The court ruled that Black Deaf students could not be sent outside the state or district to obtain the same education that white students were provided. This led to – rather than the acceptance of Black Deaf students into Kendall School outright – the construction on the Gallaudet campus of the segregated Kendall School Division II for Negroes, an inferior building with fewer resources than those made available to white students. In 1954, the Supreme Court decision in Brown v. Board of Education of Topeka made school segregation illegal across the nation, and Kendall School Division II for Negroes closed. The students began to attend school with their white deaf peers.

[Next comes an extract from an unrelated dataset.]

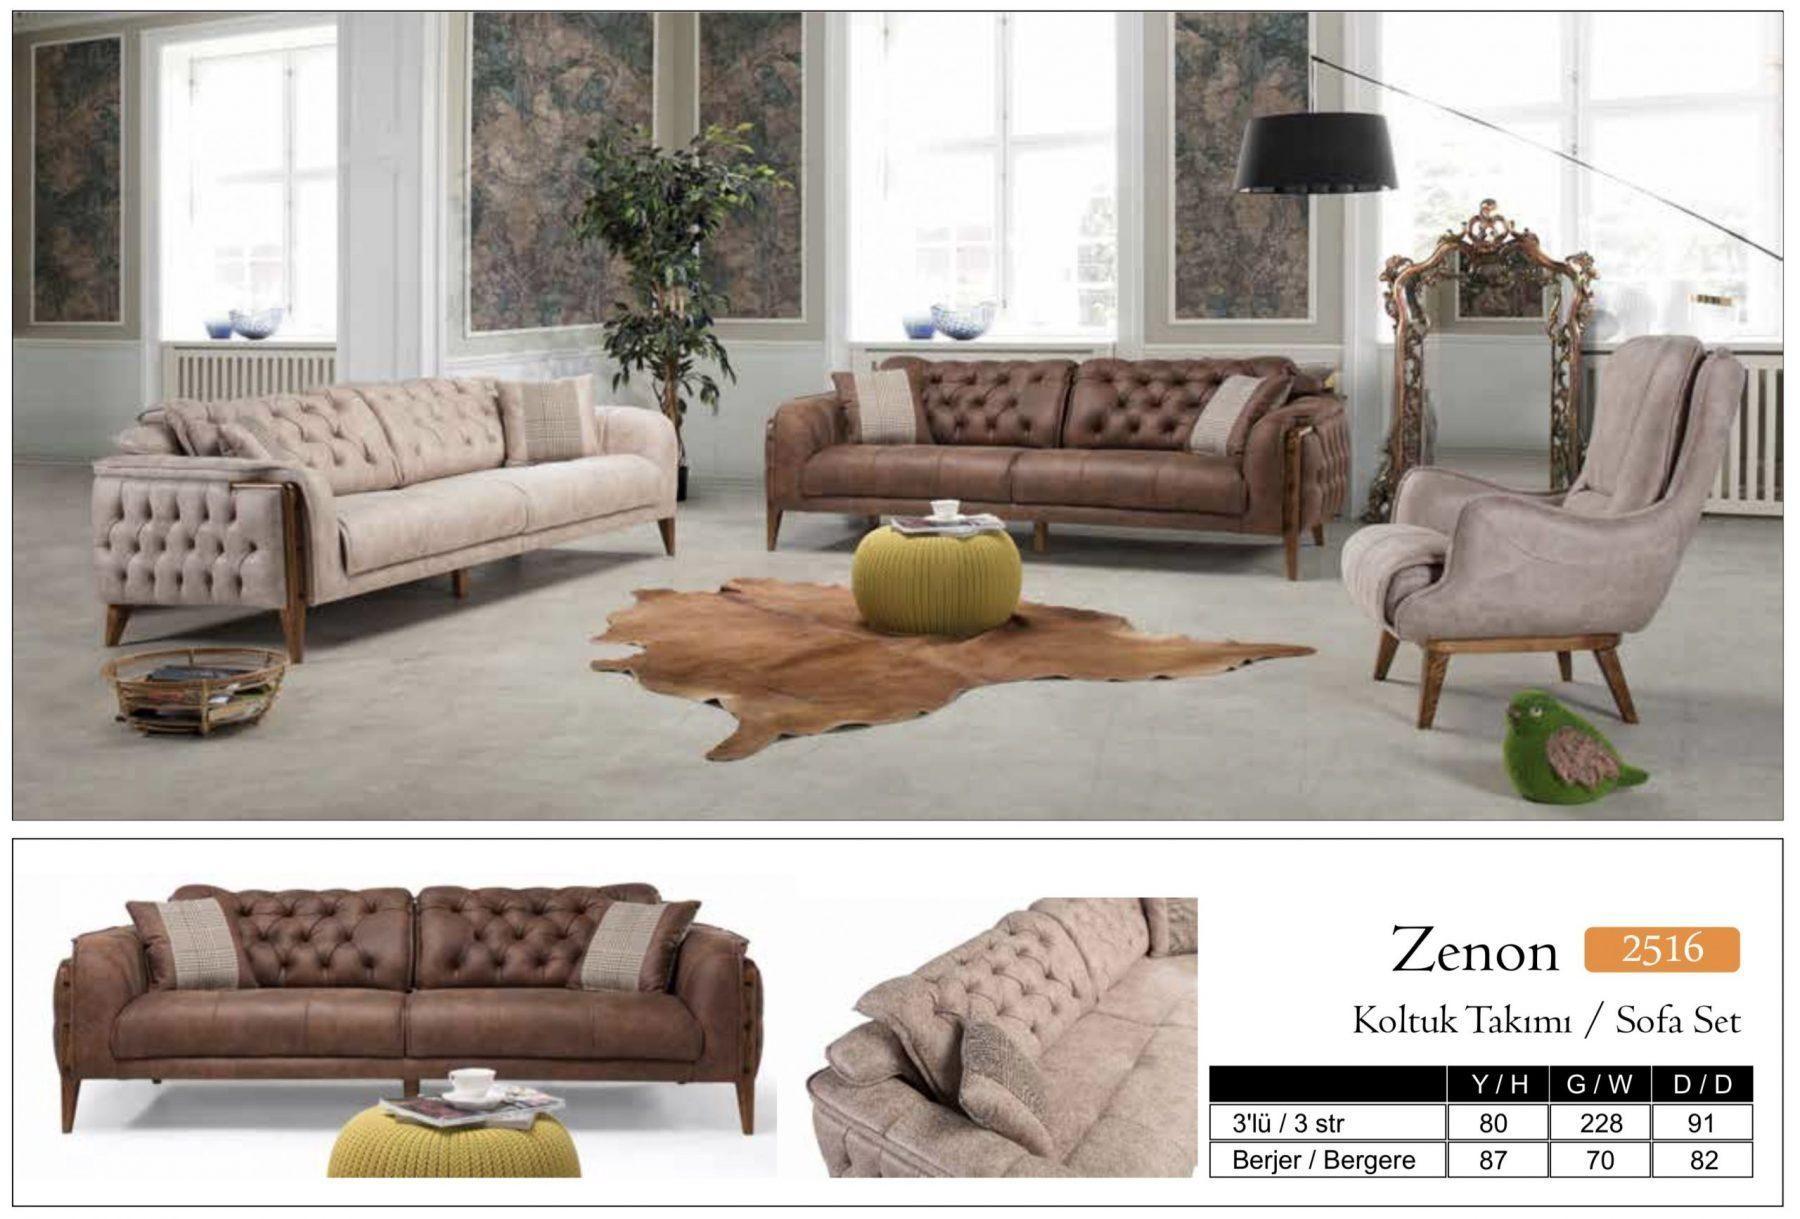 Godina Zenon 2516 Living Room Sofa Set Home Furniture Wholesale Export Turkey Yeniexpo B2b Turkey Wholesale Marketplace

To honor Mrs. Miller’s story, the 24 Black Deaf students and the four Black teachers, and as part of its ongoing work to confront its role in past wrongs and injustices, Gallaudet University has committed to building The Louise B. Miller Pathways and Gardens: A Legacy to Black Deaf Children. This memorial will provide a space for reflection and healing through remembrance of all who have fought for the equality that Black Deaf children deserve.

Gallaudet University, federally chartered in 1864, is a bilingual, diverse, multicultural institution of higher education that ensures the intellectual and professional advancement of deaf, hard of hearing, and deafblind individuals through American Sign Language and English.